In a fundraising article published Monday on the organization’s website, NCOSE Vice President Haley McNamara boasts of a decade’s worth of alleged successes by the organization’s annual “Dirty Dozen” campaign. That campaign shames corporations that NCOSE accuses of contributing to sexual exploitation — a term it applies extremely broadly, including to the entire adult industry and any platform or company that does not subscribe to its censorious standards regarding sexual content.
Claiming success in NCOSE’s efforts targeting Instagram, McNamara asserts, “While Instagram still has more work to do, they have met regularly with the National Center on Sexual Exploitation to hear and address our concerns.”
McNamara adds that those meetings have resulted in “increasing some protections for children by improving systems to identify grooming behavior patterns, and no longer allowing adult strangers to send unsolicited direct messages for minors.
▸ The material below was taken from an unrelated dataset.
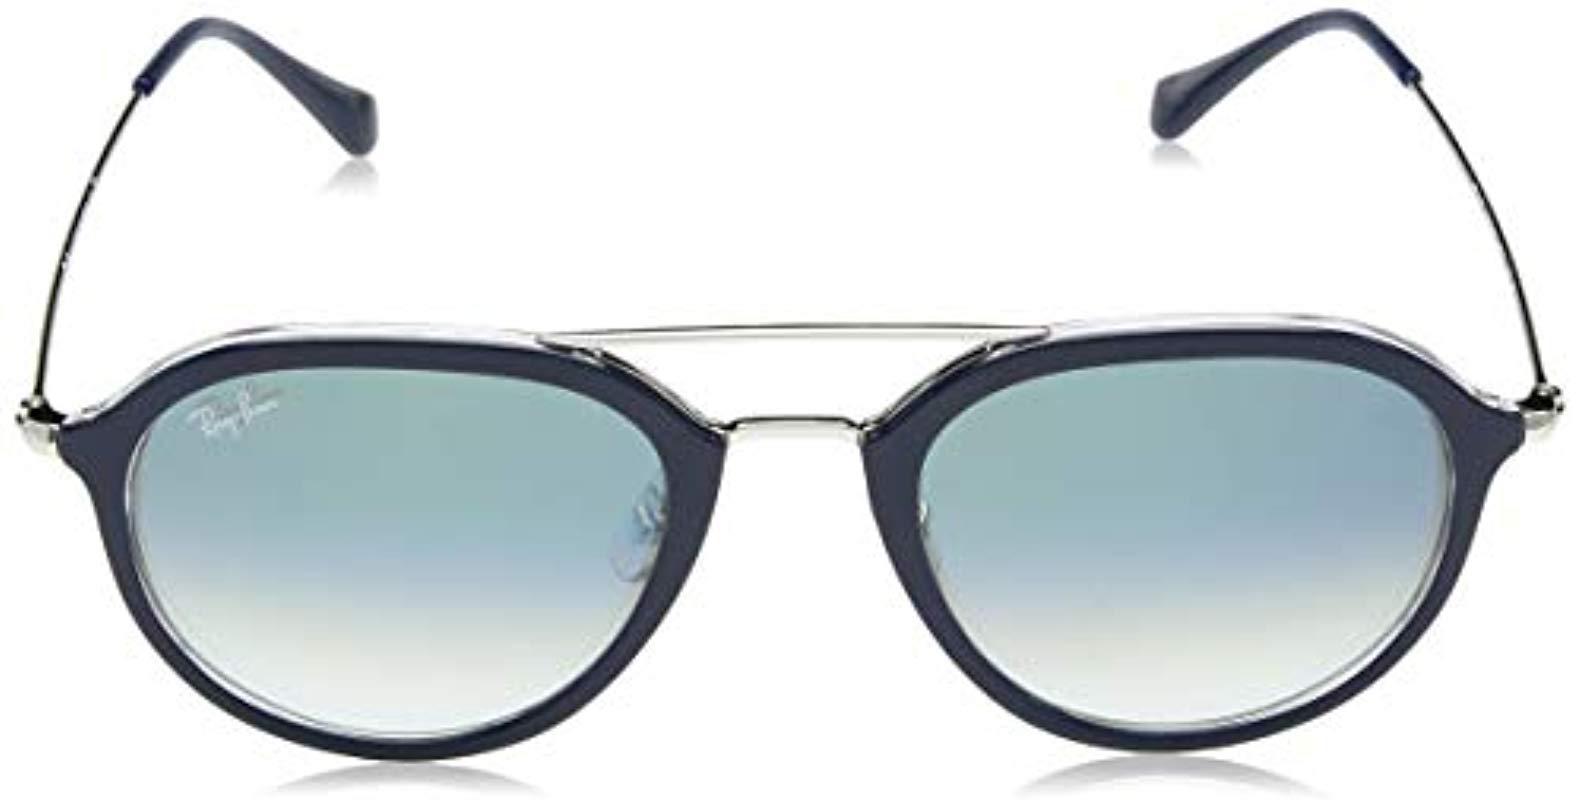 ae5f2dd3e3907 Ray-Ban Rayban Unisex s 0rb4253 60533a 50 Sunglasses
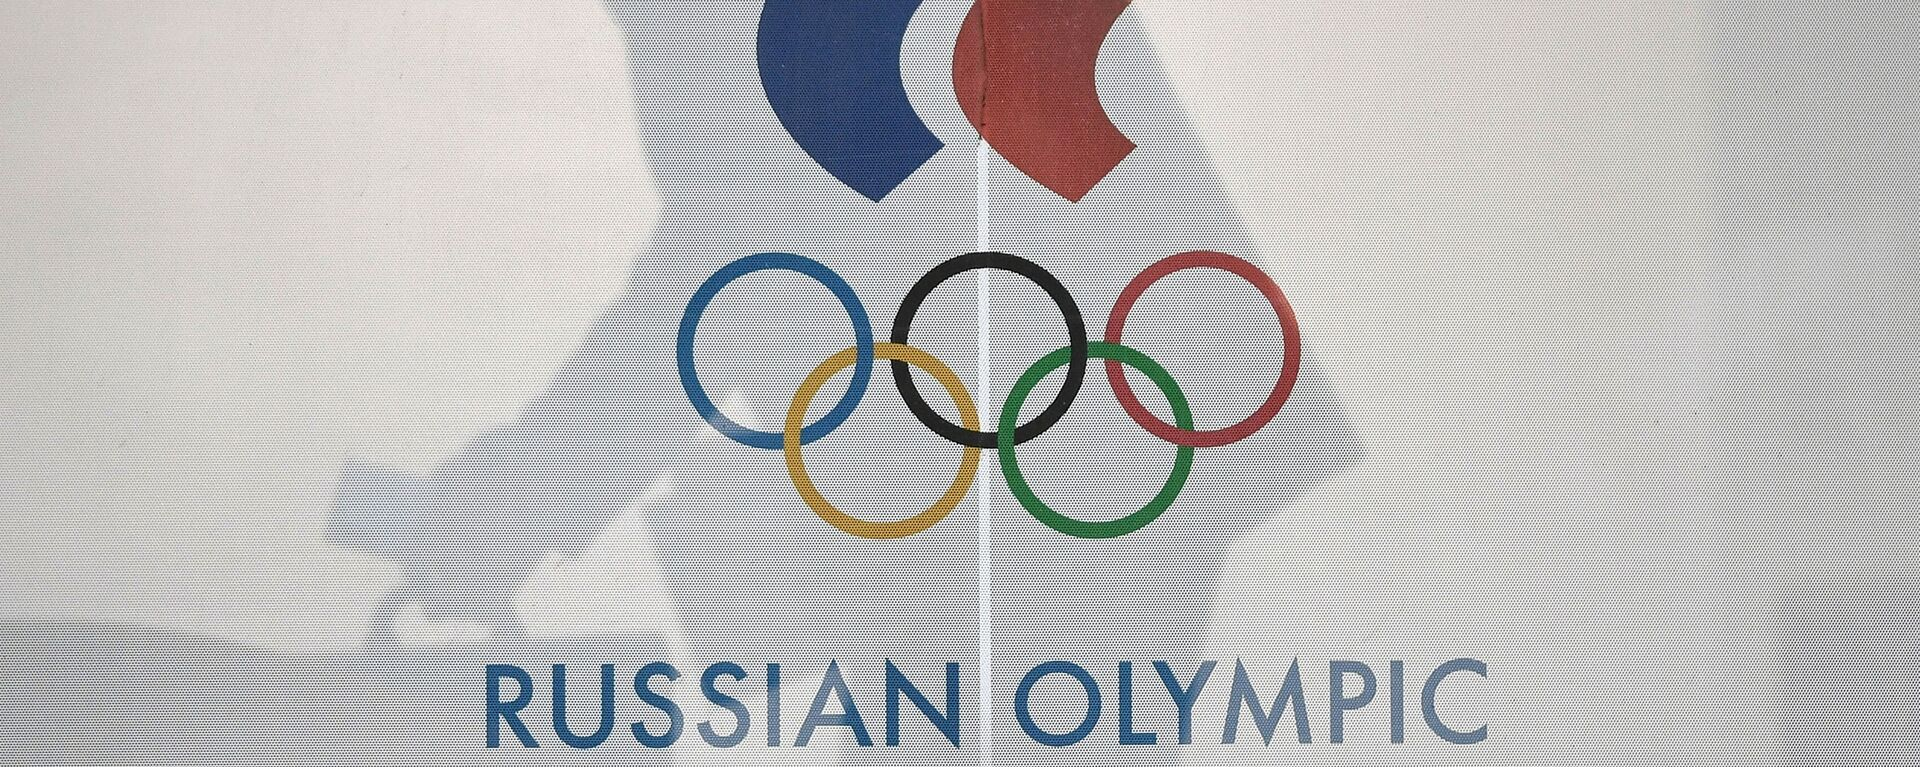 Руски олимпијски комитет - Sputnik Србија, 1920, 20.02.2021

Each policy improvement helps prevent abuse for its 1 billion monthly users.”
XBIZ contacted Meta for comment on McNamara’s claim about regular meetings affecting policy, but received no answer.
NCOSE's Extreme Anti-Porn Beliefs
One of the stated goals of NCOSE is to eradicate pornography and all forms of sex work by “striking deep at the roots of the systems which support and sustain sexual abuse and exploitation.”
Formed by clergymen in the early 1960s, NCOSE views pornography as “a deeply damaging social influence that corrodes relationships, erodes the sensibilities and sexual freedom of consumers, and dehumanizes those used to make it.” Over the years, the group has labeled as pornography everything from 18th-century novels that mention sex work, to Sports Illustrated and Cosmopolitan magazines, to mainstream movies and TV shows depicting human sexuality.
McNamara’s article also celebrates supposed NCOSE wins forcing Carl’s Jr. to “stop producing hyper-sexualized, misogynistic ads for their fast food products”; CVS to “remove the annual Sports Illustrated Swimsuit Issue from their checkout areas and promotional displays”; Army and Air Force stores to stop selling what the group terms “pornographic magazines”; Hilton Hotels Worldwide, Hyatt Hotels & Resorts and InterContinental Hotel Group to stop showing in-room adult content; Snapchat to deplatform all sex workers; and Walmart to “remove Cosmopolitan magazine from checkout lines at all of its stores across the country.”
“Cosmopolitan, like Playboy, places women’s value primarily on their ability to sexually satisfy a man and therefore feeds a culture that premises male sexual entitlement,” McNamara declares. “NCOSE is grateful for Walmart’s leadership to reduce the amount of unsolicited sexually objectifying material that bombards youth and adults alike.”
As XBIZ reported, McNamara, in her capacity as head of the NCOSE-controlled International Centre on Sexual Exploitation, was a crucial contributor to the recent anti-porn document by the U.K.’s All-Party Parliamentary Group on Commercial Sexual Exploitation, which repeated anti-porn myths and recommended a state crackdown on sexual expression online.